An agent without a distribution channel reaches no users. Foundry supports multiple ways to publish agents.

The most direct is a REST endpoint that any application can consume. For Microsoft environments, agents can be published directly to Microsoft Teams and Microsoft 365 Copilot, with identity, permissions, and policies flowing automatically through the platform's channels. This capability was planned for general availability in June 2026.

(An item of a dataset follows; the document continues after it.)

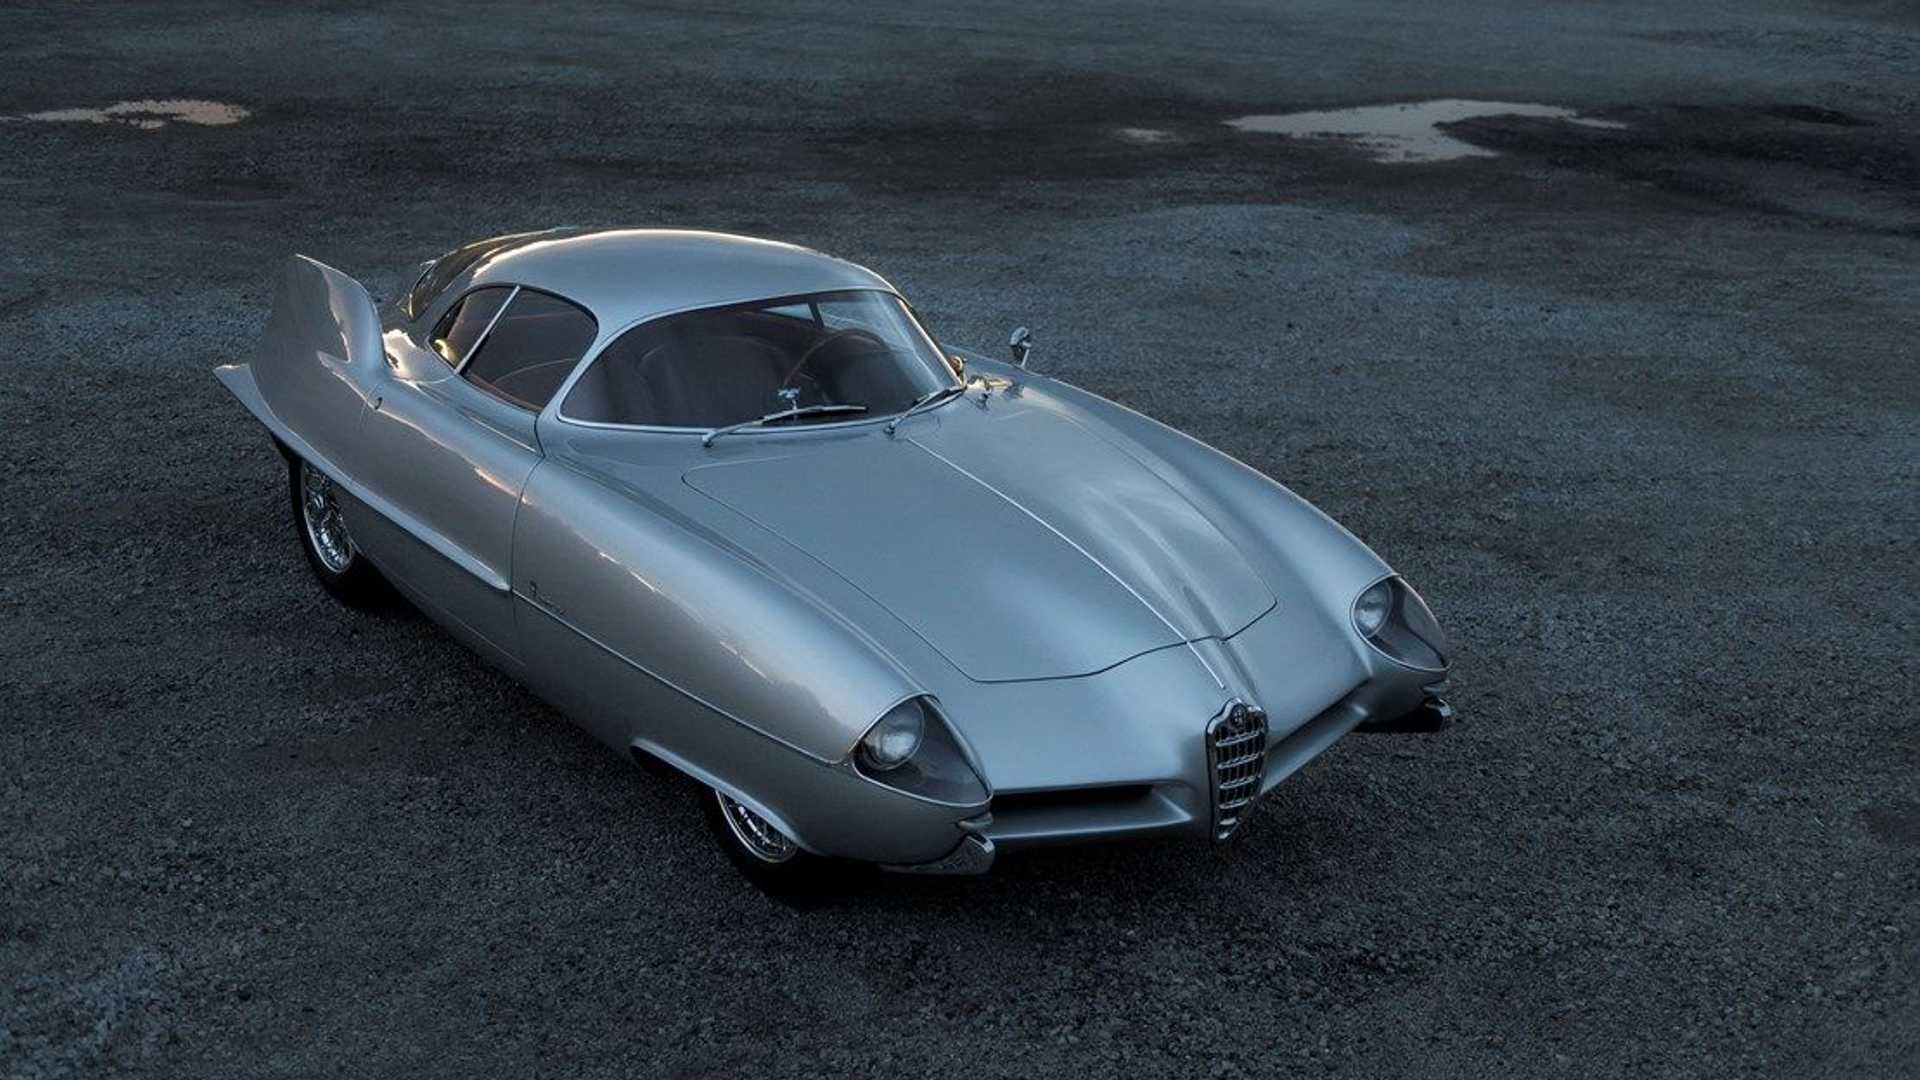 نمای سه چهارم جلو خودروی مفهومی آلفا رومئو / Alfa Romeo B.A.T. Concept Car با رنگ خاکستری

The Entra Agent Registry centralizes the registration and discovery of agents across the organization, so teams can find and reuse existing agents rather than rebuilding them.

The A2A (agent-to-agent) protocol, in preview, enables communication between agents from different systems.

What not to use today

If you come from Azure OpenAI and use the classic Assistants API, it is deprecated and retires on March 31, 2027. The classic service is now documented under /azure/foundry-classic/agents/ on Microsoft Learn. The new service lives under /azure/foundry/agents/.

Migrating from the classic Assistants API to the new Agent Service is not trivial but it is not complex either: the official migration guide is available on Microsoft Learn.

How do I get started?

Foundry Toolkit for VS Code reached general availability at Build 2026. It lets you create agents from templates or using GitHub Copilot directly in the IDE, debug runs locally with trace visualization, connect Toolboxes, and deploy to Foundry Agent Service without leaving VS Code.

If you'd like to experiment without installing anything, the Azure AI Foundry portal at ai.azure.com lets you create, configure, debug, and test agents in no-code mode, view conversation threads, add tools, and interact with the agent directly from the interface.

If you want to explore the official documentation and quickstarts:

👉 https://learn.microsoft.com/azure/ai-foundry/agents/?wt.mc_id=studentamb_510930

Building agents on Azure no longer requires assembling infrastructure from scratch or depending on APIs that will disappear. Foundry Agent Service covers the runtime, identity, networking, tools, memory, and observability as parts of the service. What remains on the developer's side is deciding what the agent does, with which tools, and how to distribute it. Which is, in the end, the interesting part.